Regarding “I’m not bad as so-and-so” – no one is better or worse than anyone else. Again, we all have strengths and weaknesses, overdeveloped and underdeveloped areas, and we all have been tainted from the fall and have been wounded (by the end of this post, this phrase will be engrained in your brain). We might have different strengths/weaknesses than someone else, different over/underdeveloped areas, different wounds – but we all have them in one way or another. The same is true for the “normal” statement and the “what’s wrong with you” statements and statements similar to them. What is “normal”? The statement implies that someone with things to work through isn’t normal. As does the “what’s wrong with you” statement. We all at some point in our lives will have something difficult we experience, some wound we need to heal from, something we need to process, or a skill we need help learning. That is normal and there is nothing wrong with it because (here it is again) we all have strengths and weaknesses, overdeveloped and underdeveloped areas, and we all have been tainted from the fall and have been wounded.

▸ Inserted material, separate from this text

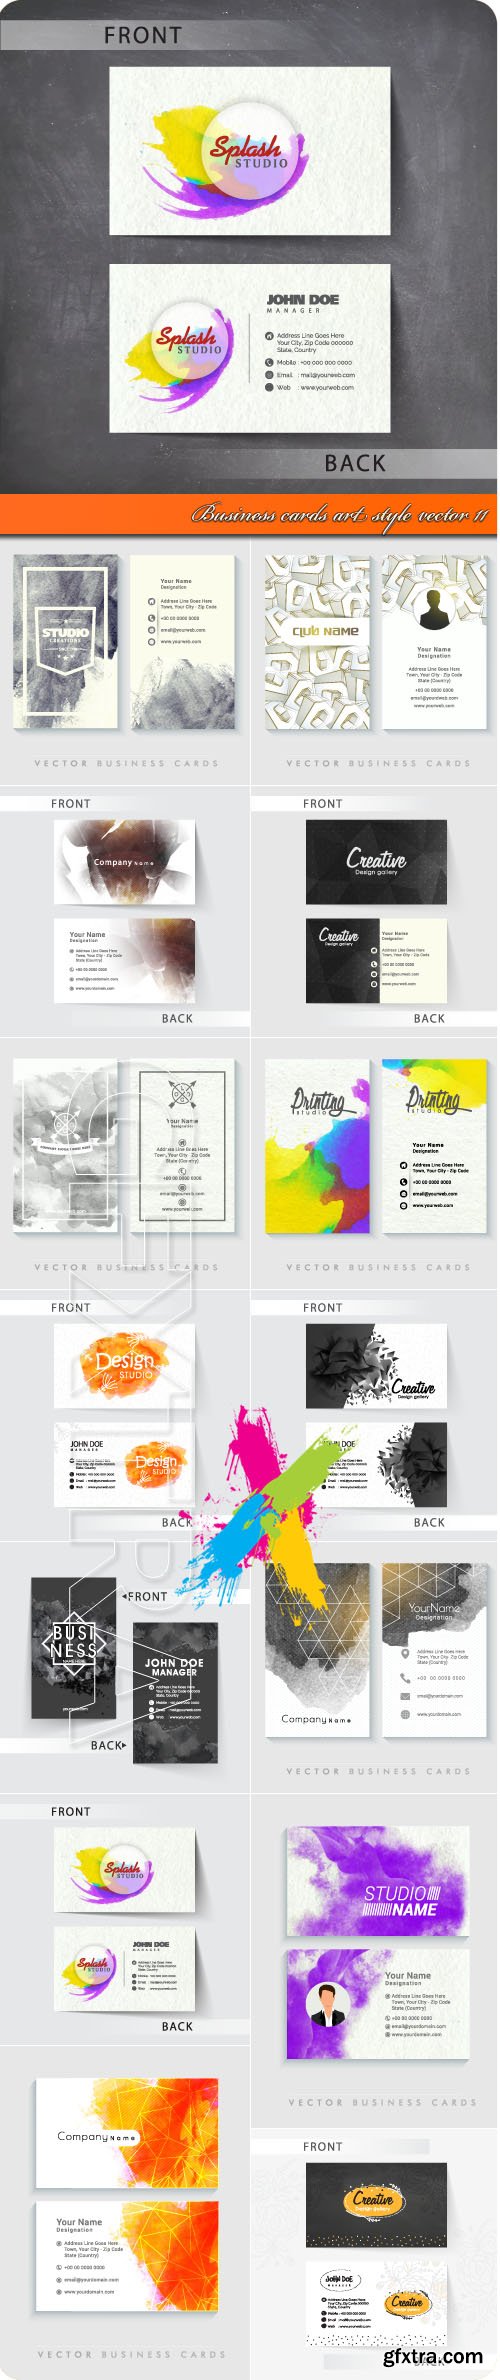 Business cards art style vector 11

I think part of the uniqueness about our emotional and mental health is that we often don’t take it as seriously as our physical health. Granted, our emotional and mental health is more difficult to measure, but it is central to who we are and how we relate to others and God and very much affects our physical health as well. Unfortunately, because much of society (and insurance companies) may not fully understand emotional and mental health, it sometimes isn’t covered by insurance or isn’t covered at the same rate meaning that is does sometimes cost us more out-of-pocket. However, I believe that when we don’t seek help processing situations or learning skills when we need to because it costs us money in the immediate, it ends up costing us more in our health (both physical and emotional/mental), relational health, and even our spiritual health in the long run.

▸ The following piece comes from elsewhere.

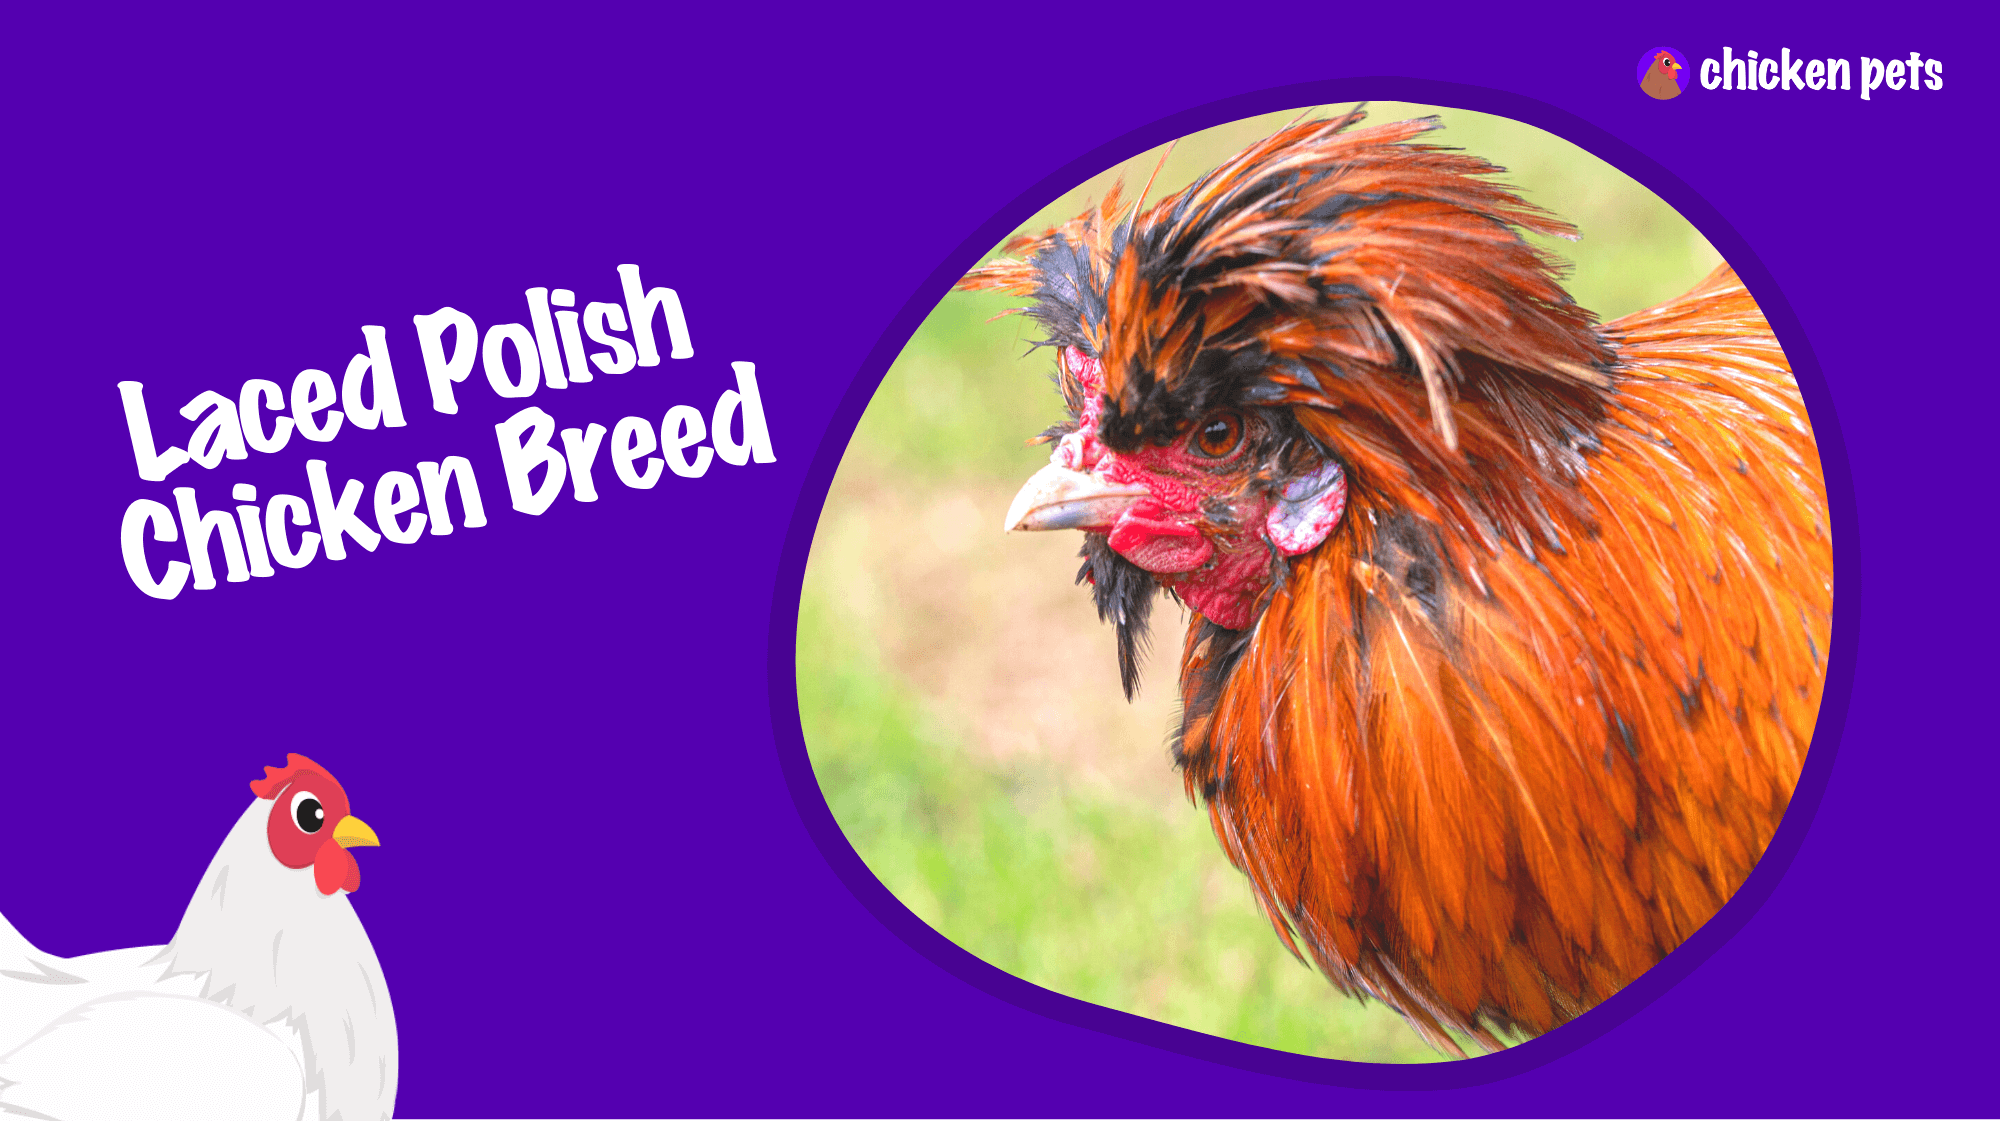 Laced Polish chicken breed

Finally, let’s address the “I’m reading my 

Bible and praying about
it” statement. I’m glad you are and I believe God does use His word and our interaction with Him to grown and heal and transform us. However, I also believe that God is a relational God and He has made us relational people. So we need people just as we need His word and prayer and God has chosen to use people. Don’t miss in your reading of His word all the places where God uses people to reveal Himself, His purposes, and His ways – and receiving that, whether it is directly through the Holy Spirit, through His word, or through people, is part of how we process, heal, and grow.

In summary, a lot of the reasons that we give to not participate in counseling are statements showing a misunderstanding of what counseling is which causes us to think that we must be really messed up or crazy or not doing enough ourselves if we have to see a counselor. When in reality, it is beneficial for all of us to acknowledge that we have strengths and weaknesses, overdeveloped and underdeveloped areas, and we all have been tainted from the fall and have been wounded and to be open to processing that with someone else. There are times we can process things on our own while sharing with safe friends or family, but there are also times we need to process with someone who has an outside or different perspective or even trained in raising awareness and processing skills. And there is nothing abnormal or shameful or wrong with that.